Real triathlons never allowed drafting on the bike. This "innovation" came not from the athletes but from a bureaucrat named Les MacDonald; at the time of the first olympic triathlon, he had power in the sport and insisted the olympic race be a draft-legal race (or as the triathletes described it scornfully, a "draft-a-thon"). Incidentally, he also planned to have floats in the middle of the water that the swimmers had to climb onto and run across before diving back into the water; fortunately, that one got over-ruled(!).
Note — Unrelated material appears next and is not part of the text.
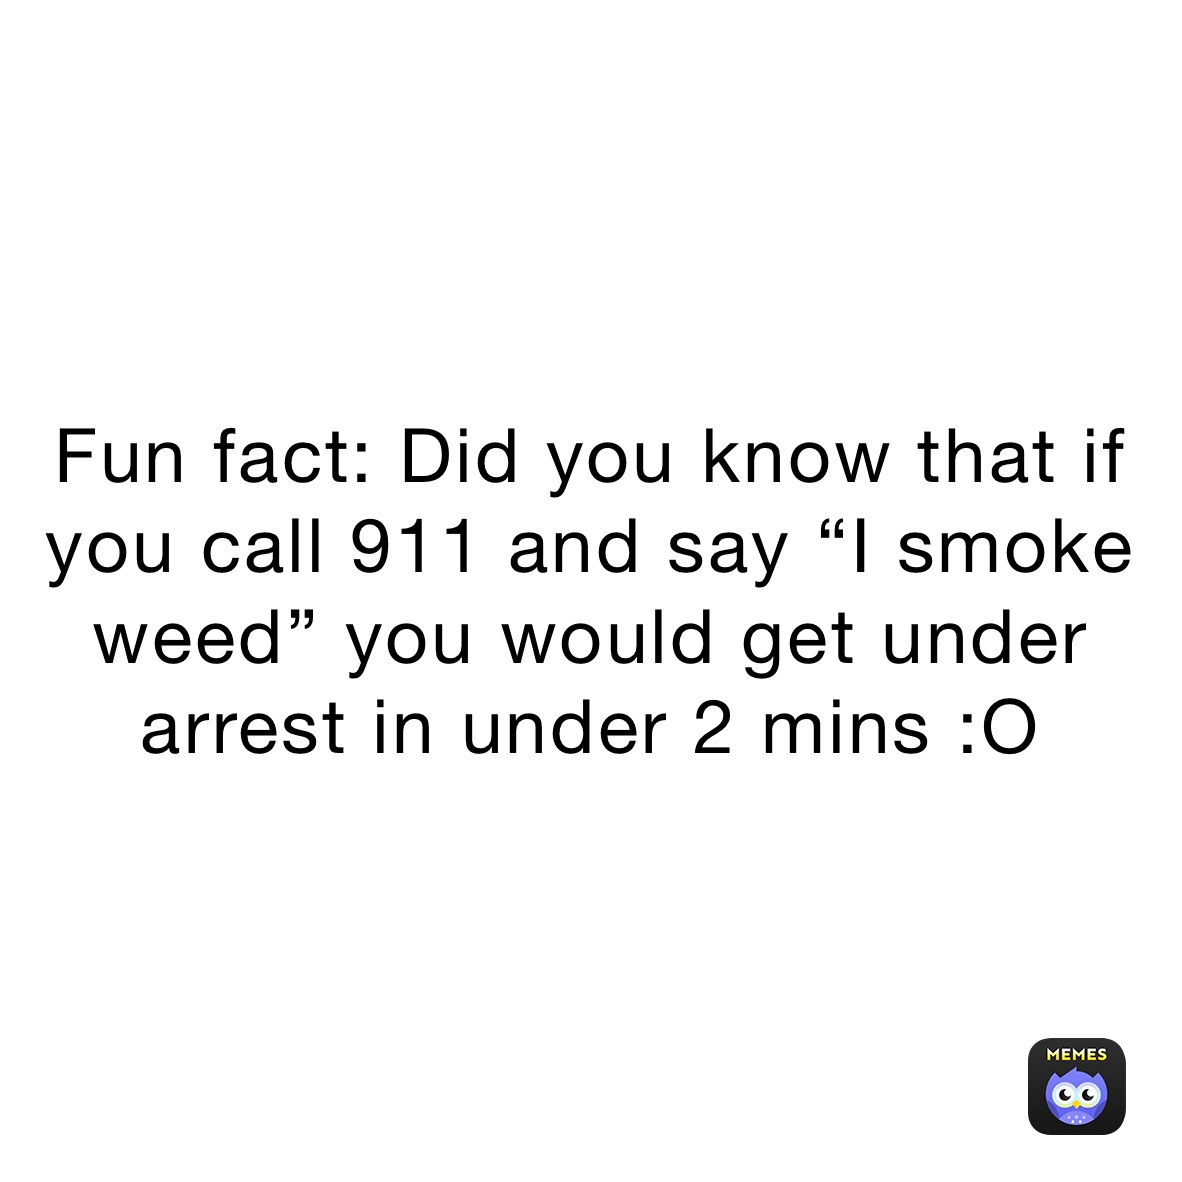 Fun fact: Did you know that if you call 911 and say “I smoke weed” you would get under arrest in under 2 mins :O

As to why drafting ruined the sport: in non-drafting races, there is a lot of drama as people with different strengths can battle it out; one person is a strong swimmer and runner, another is a strong cyclist and runner, etc... By contrast, in a draft-a-thon, there is no reason to bike hard, as you will just pull a lot of wheel-suckers behind you, who will then be able to start the run on fresher legs. Therefore, the bike leg is a boring not-particularly-fast group ride; and this, in turn, makes the swim fairly unimportant and boring (as long as a swimmer is good enough to come out of the water with the big pack, there's no reason to swim faster; although a really slow swimmer misses the draft pack on the bike, so likely has no chance in the race). Finally, everyone in the big pack gets off the bike at nearly the same time and, to their credit, the triathletes run pretty hard. But, of course, they are not as fast as *really* good runners would be.
The result is a race where nothing much of interest happens until the run, when a bunch of pretty good runners also start out at about the same time. This is so much less interesting for the athletes and for the spectators than is a real triathlon -- and that's why triathletes oppose drafting.